### [What you have to do]
All that is needed is the lines from the one containing "Puffer jacket vintage" through the end of the listing, printed exactly, with no pictures among them.

### [Data segment]

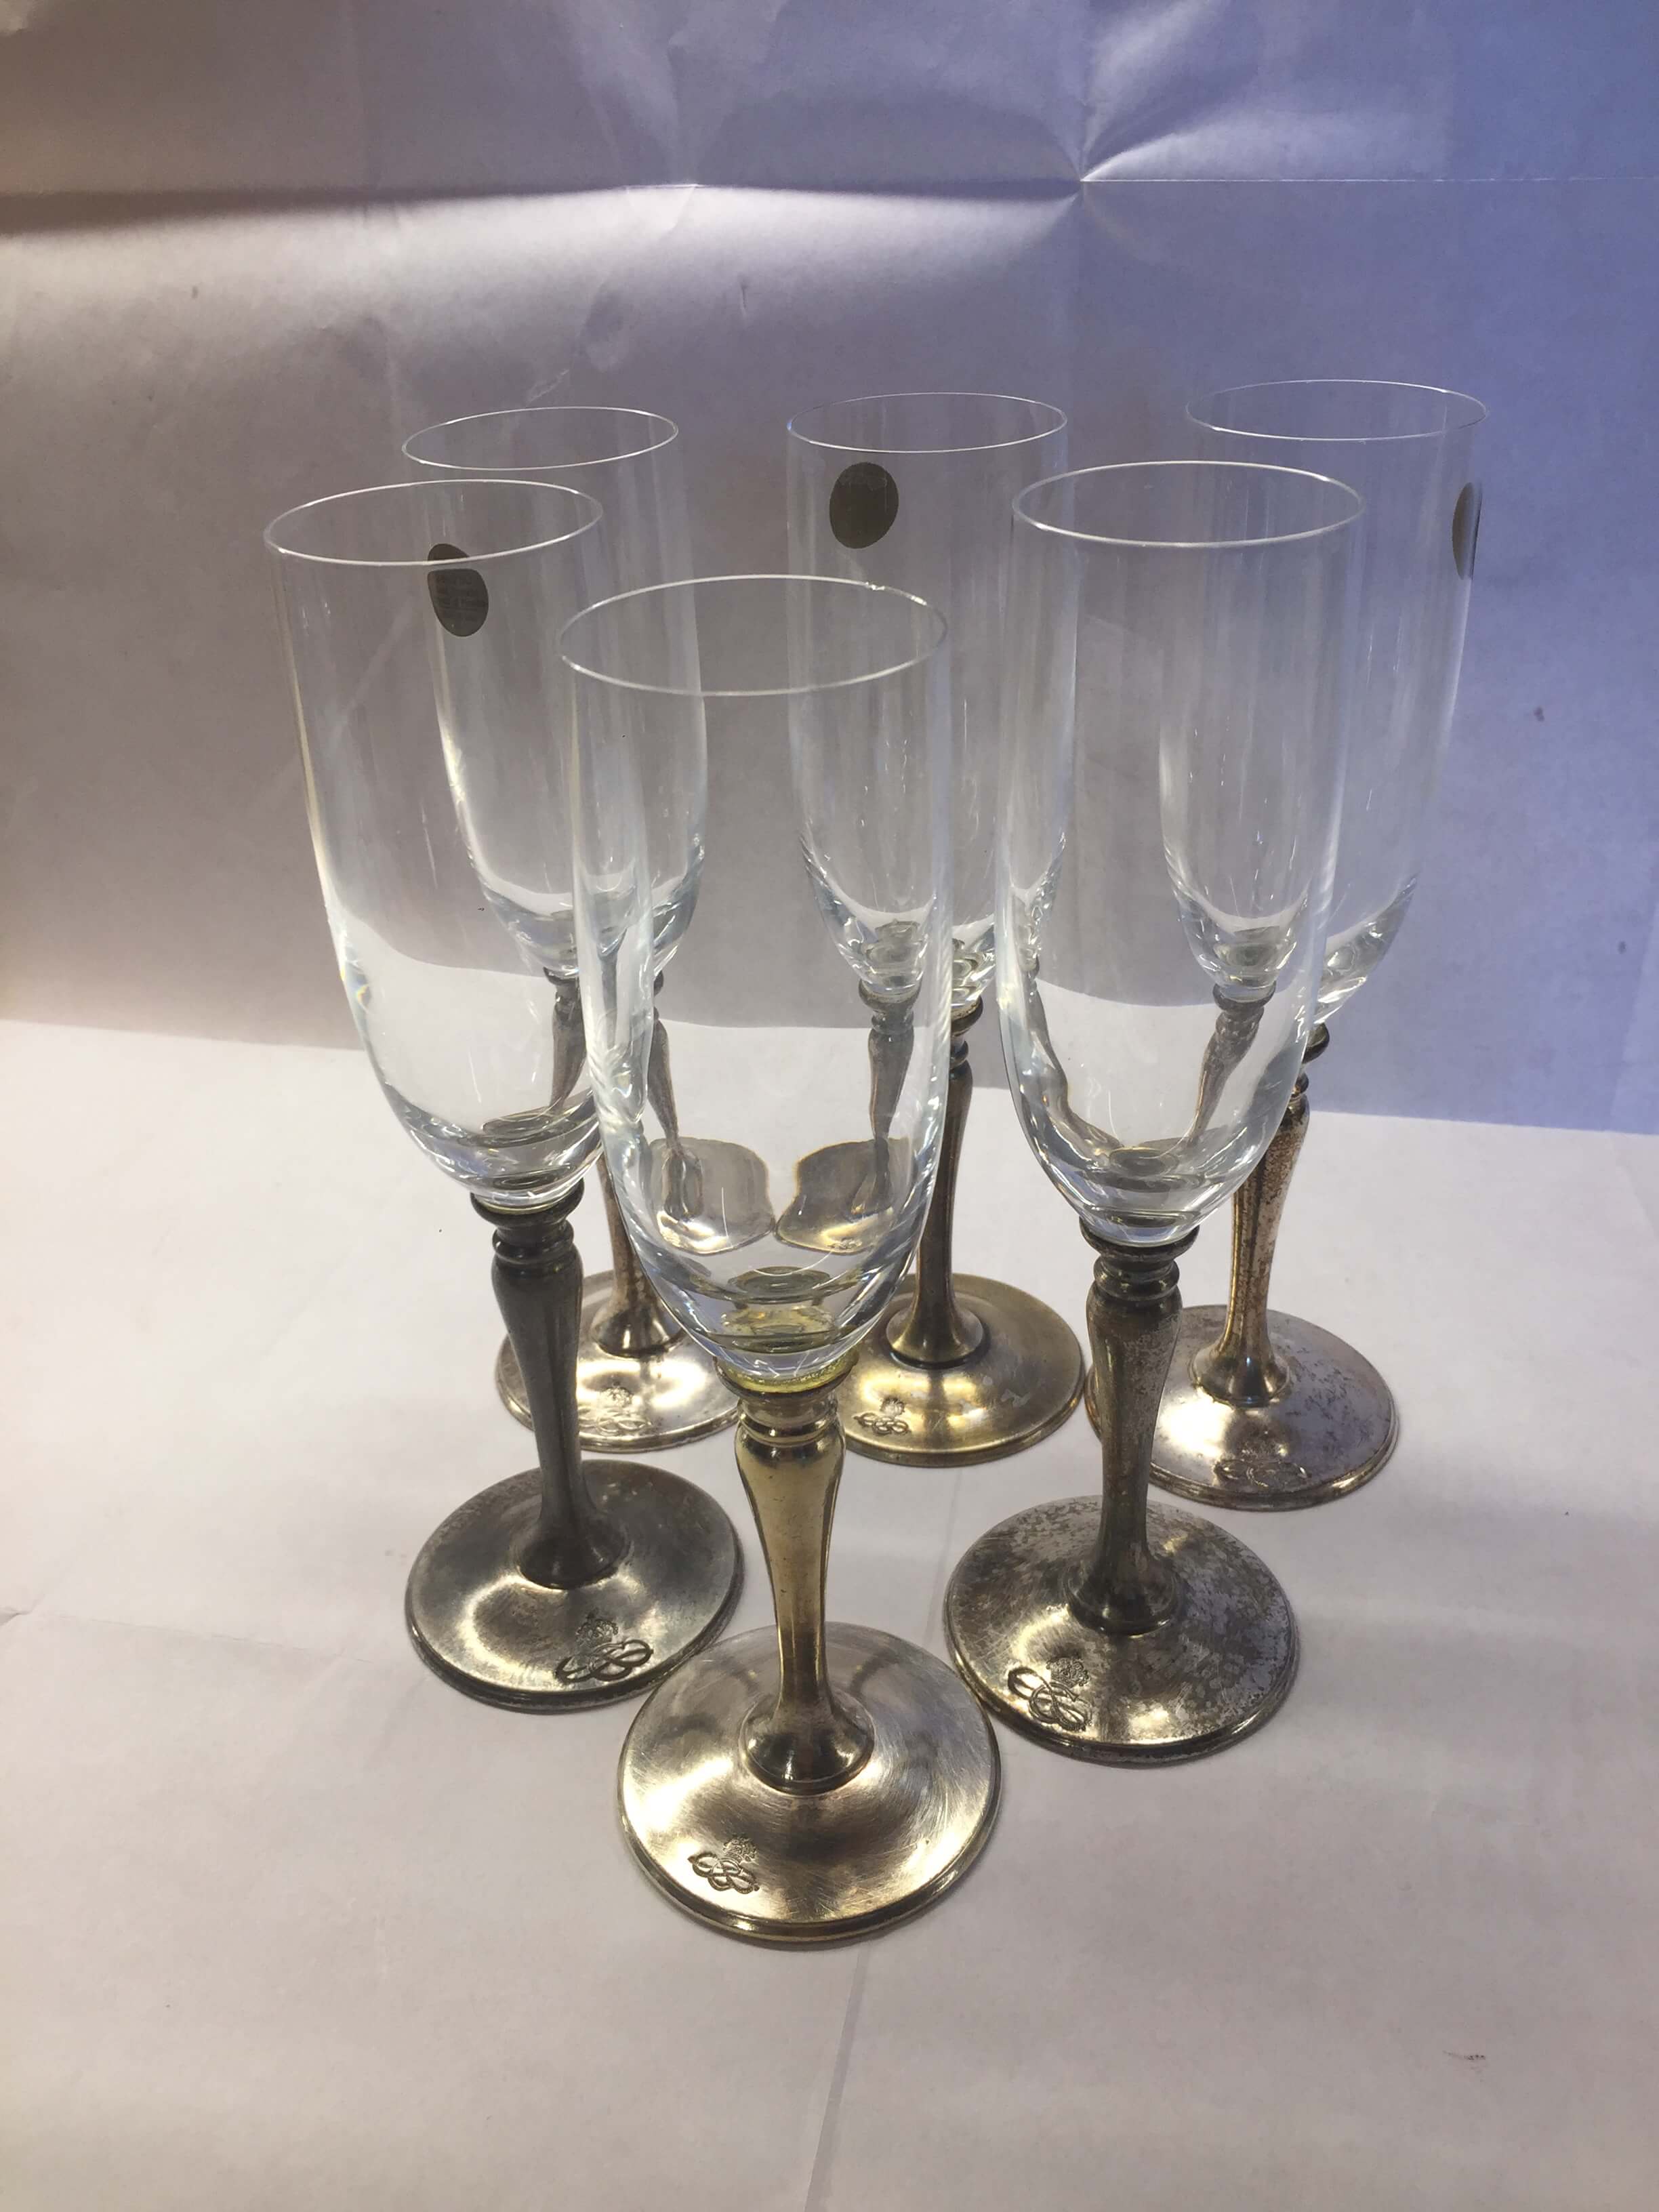 Epns England Vintage Set Of 4 Silver Plated Wine Goblets 1960s 13 X 7 Cm
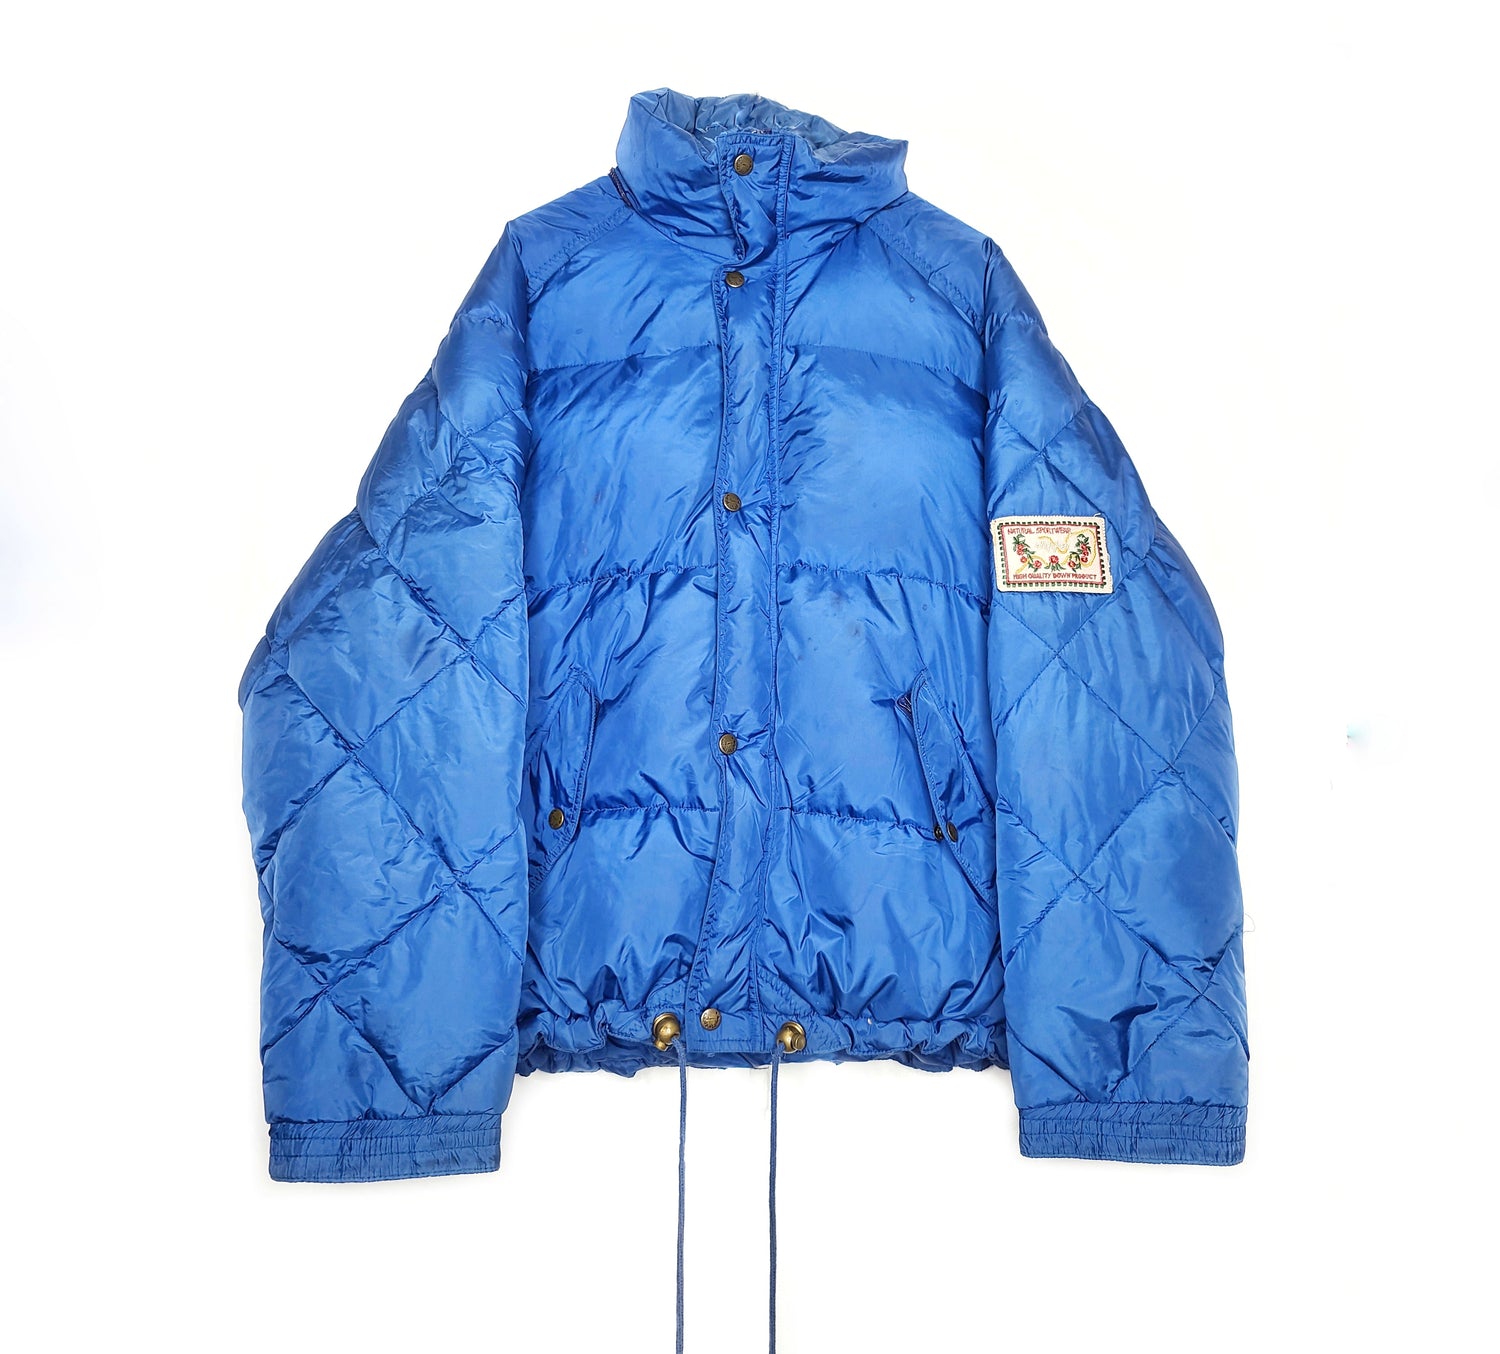 Puffer jacket vintage doudoune oversize 80s oversize bleu
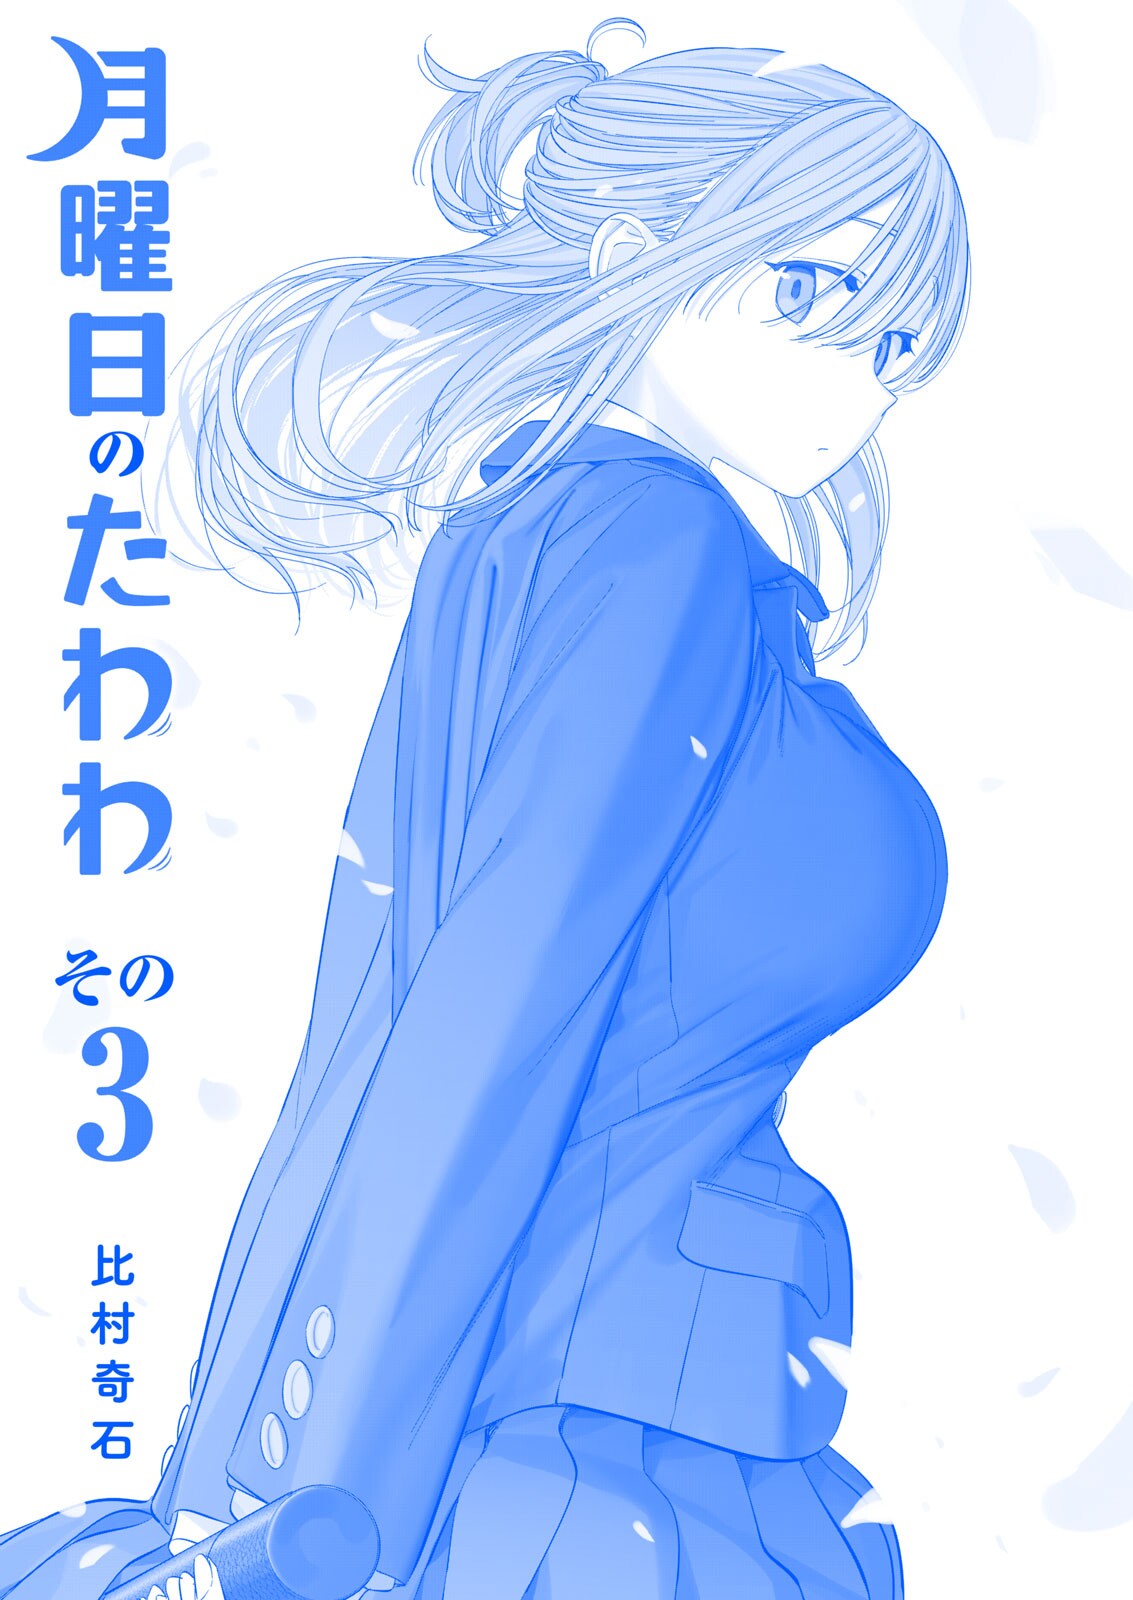 Getsuyoubi No Tawawa (Serialization) (Blue) (Fan Colored) Novel, Chapter 87  - Novel Cool - Best online light novel reading website

### [Answer space]
 Puffer jacket vintage doudoune oversize 80s oversize bleu
 Getsuyoubi No Tawawa (Serialization) (Blue) (Fan Colored) Novel, Chapter 87  - Novel Cool - Best online light novel reading website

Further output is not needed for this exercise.